Chalk creates temporary tables during feature computation to push down filters to optimize your query loads. In addition, Chalk uses the stages to optimize data unloading.

RBAC Setup

Run against your Snowflake instance as a user with the ACCOUNTADMIN role (or a role with the privileges to create roles and grant the permissions below) to set up a role with the appropriate permissions:

-- Set variables (example values shown; customize for your environment)
SET ROLE_NAME='CHALK_ROLE';
SET WAREHOUSE_NAME='<warehouse_name>';
SET DB_NAME='<database_name>';
SET SCHEMA_NAME='<schema_name>';
SET USER_NAME='<chalk_user>';

-- Create a role for Chalk (CREATE supports IDENTIFIER($var))
CREATE ROLE IF NOT EXISTS IDENTIFIER($ROLE_NAME);

-- Grant warehouse permissions
GRANT USAGE ON WAREHOUSE <WAREHOUSE_NAME> TO ROLE <ROLE_NAME>;

-- Grant database/schema permissions
GRANT USAGE ON DATABASE <DB_NAME> TO ROLE <ROLE_NAME>;
GRANT USAGE ON SCHEMA <DB_NAME>.<SCHEMA_NAME> TO ROLE <ROLE_NAME>;
GRANT SELECT ON ALL TABLES IN SCHEMA <DB_NAME>.<SCHEMA_NAME> TO ROLE <ROLE_NAME>;

-- Grant temporary table permissions
GRANT CREATE TEMPORARY TABLE ON SCHEMA <DB_NAME>.<SCHEMA_NAME> TO ROLE <ROLE_NAME>;

-- Assign role to user
GRANT ROLE <ROLE_NAME> TO USER <USER_NAME>;

Data Unloading

When Chalk runs a large query against Snowflake, pulling the result set back over the standard query connection can be slow.
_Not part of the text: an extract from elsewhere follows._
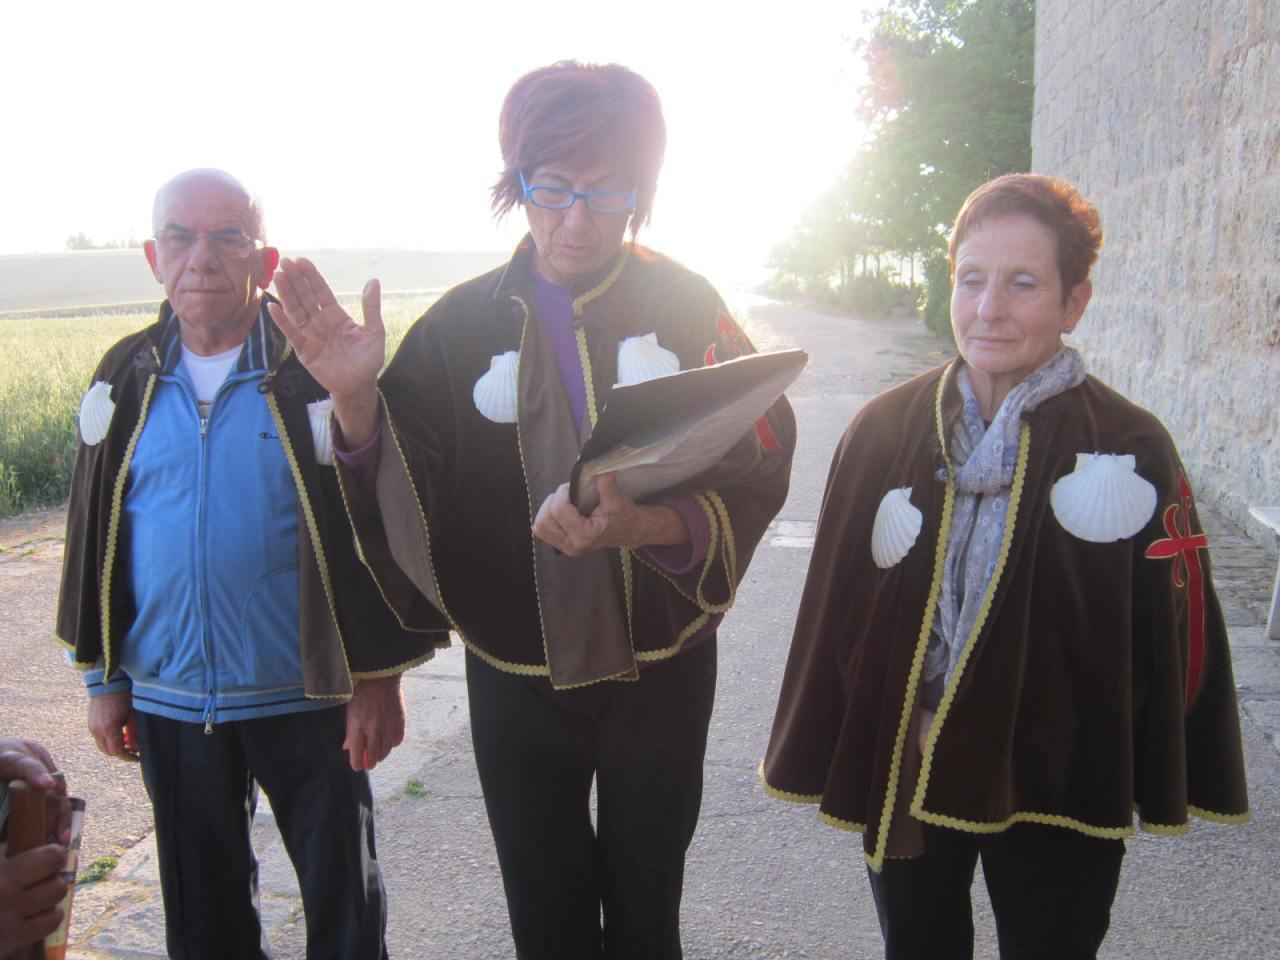 Morning prayers leaving the Ermita de San Nicolas

Instead, Chalk can ask Snowflake to unload the result directly into your cloud storage bucket (S3 or GCS) and then read those files in parallel. This is significantly faster for large feature computations.

To enable this, you set up three things, all of which are located in your cloud account and Snowflake account:

A storage integration — a Snowflake object that holds the cloud identity Snowflake uses to write to your bucket. Using a storage integration with IAM authentication is the recommended approach because it avoids managing long-lived credentials.
An external stage — a named Snowflake object that points at a specific location in your bucket and writes through the storage integration.
A trust relationship on the cloud side (an AWS IAM role or a GCS service-account grant) that allows Snowflake’s identity to write objects into your bucket.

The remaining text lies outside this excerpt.